**Required action:** Word for word, restate the lines of the data below between those holding "Шариковая ручка Pierre" and "Sofa narożna XL", inclusive; pictures do not belong in the copy.

**Dataset:**
____
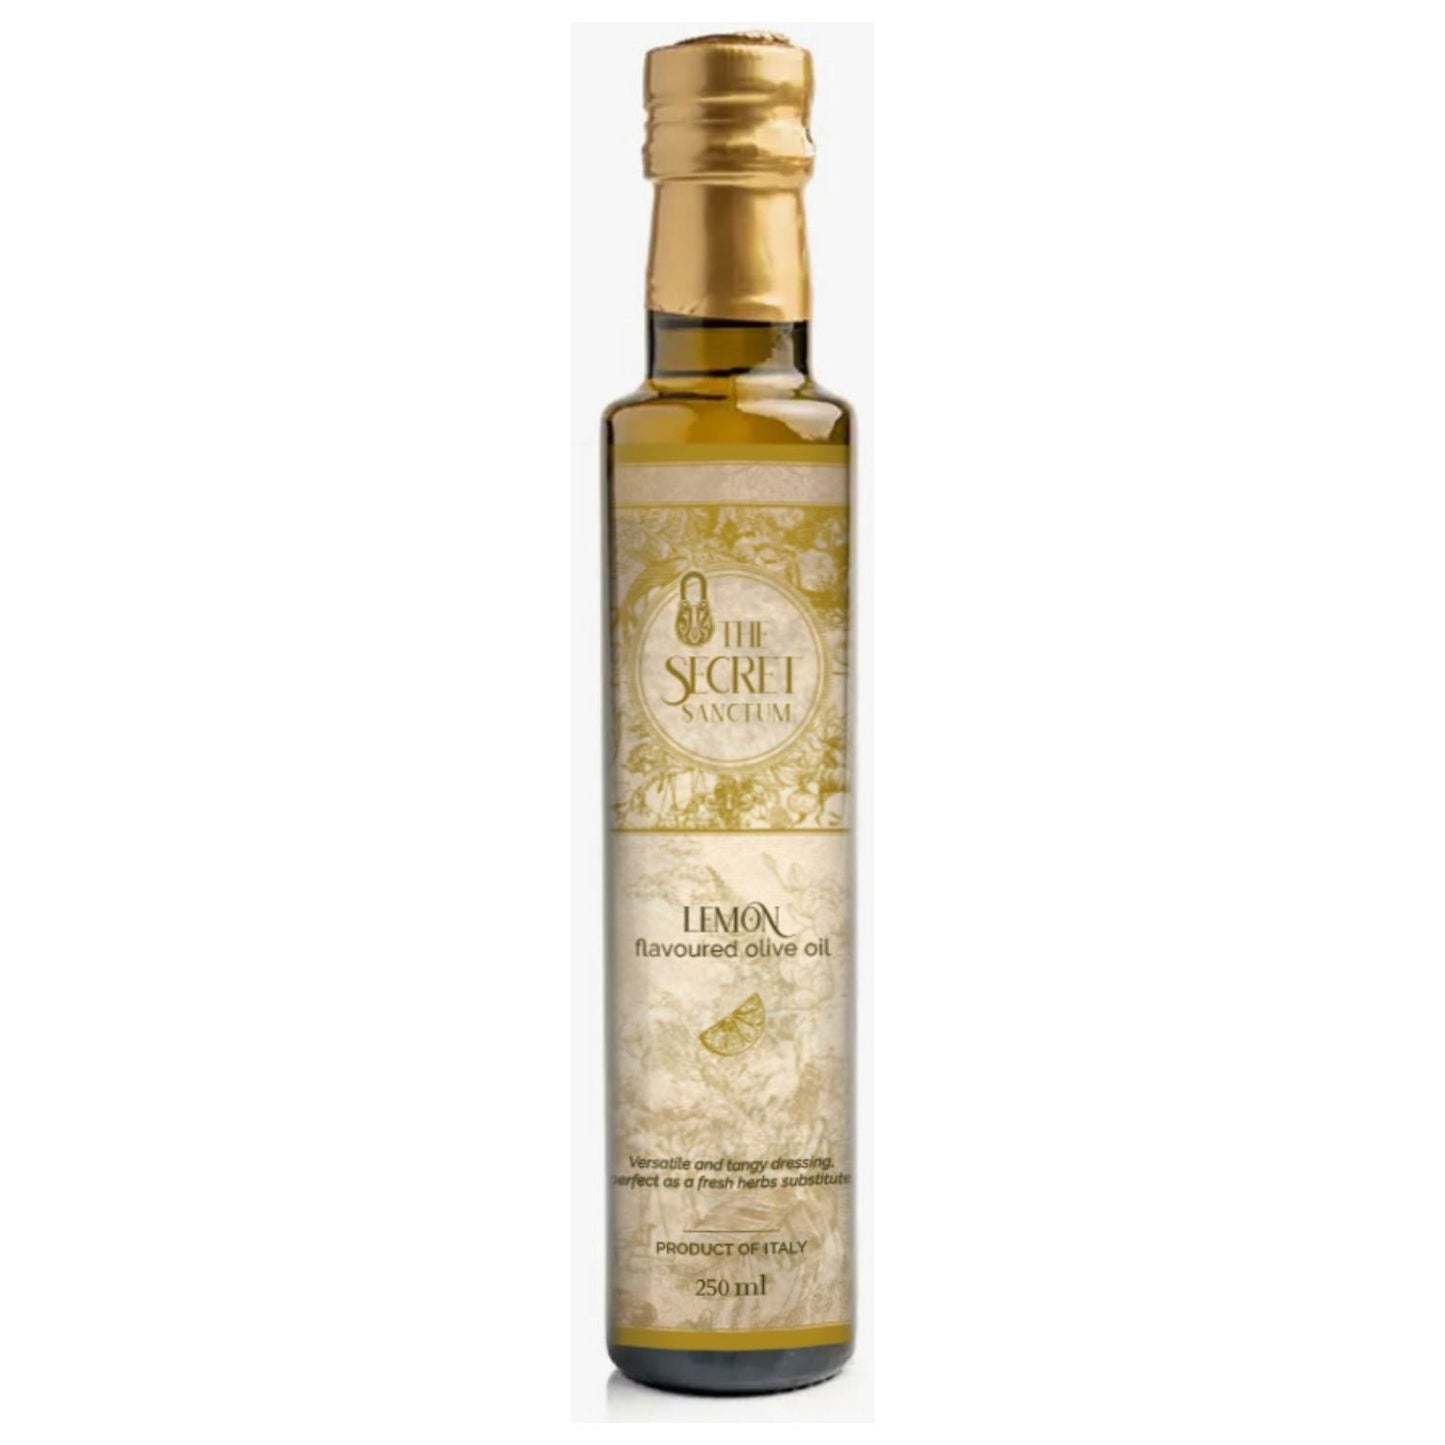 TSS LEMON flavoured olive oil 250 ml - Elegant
____
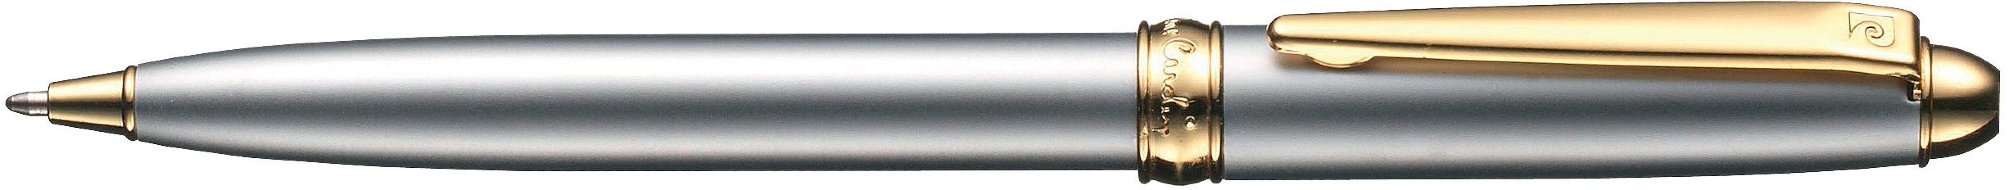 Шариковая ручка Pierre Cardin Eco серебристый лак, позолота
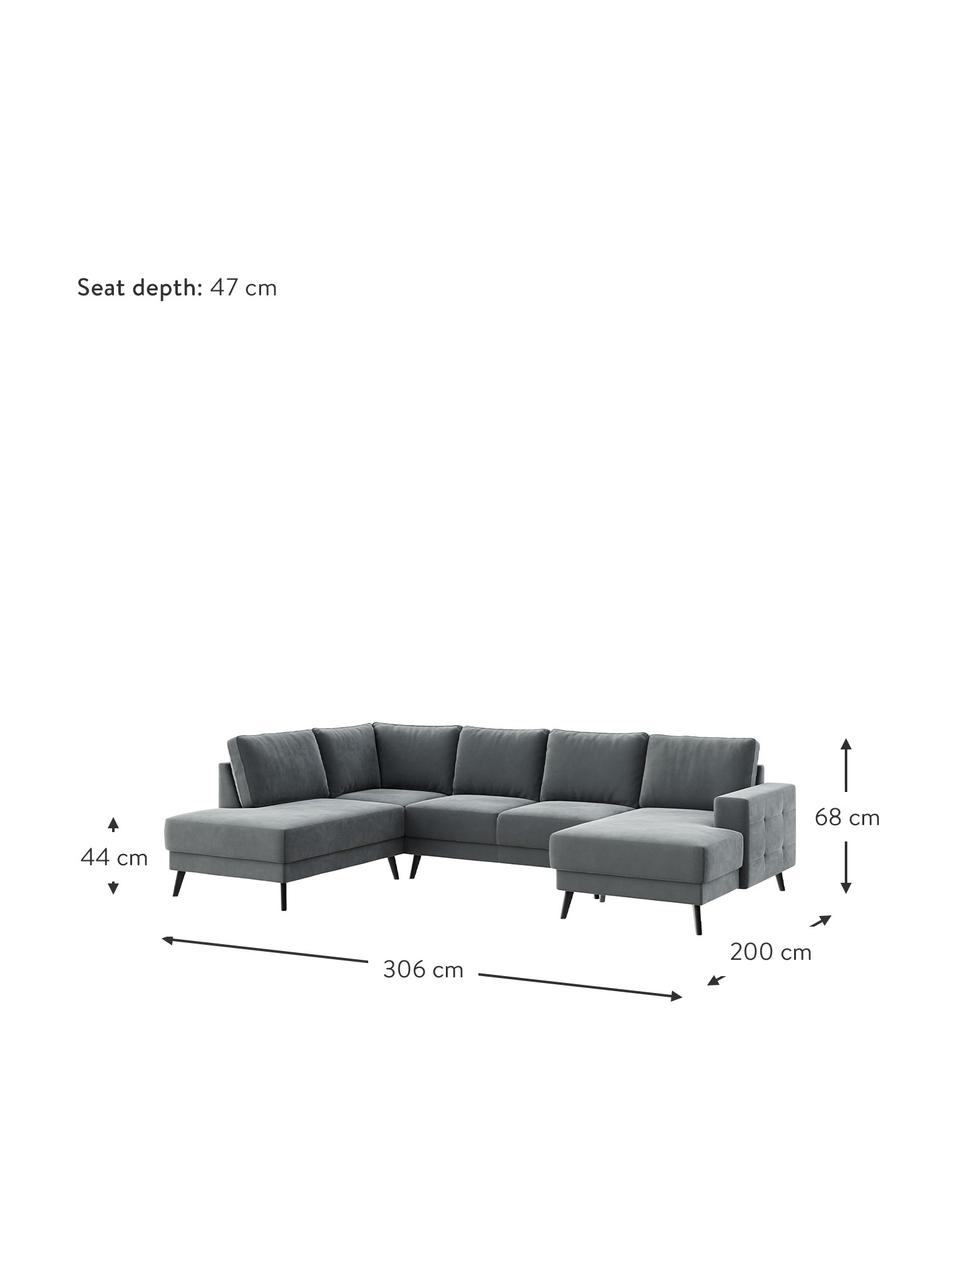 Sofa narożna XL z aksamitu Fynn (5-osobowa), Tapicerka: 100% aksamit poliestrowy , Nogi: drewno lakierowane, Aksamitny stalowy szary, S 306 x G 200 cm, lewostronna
____
**Reply:**
 Шариковая ручка Pierre Cardin Eco серебристый лак, позолота
 Sofa narożna XL z aksamitu Fynn (5-osobowa), Tapicerka: 100% aksamit poliestrowy , Nogi: drewno lakierowane, Aksamitny stalowy szary, S 306 x G 200 cm, lewostronna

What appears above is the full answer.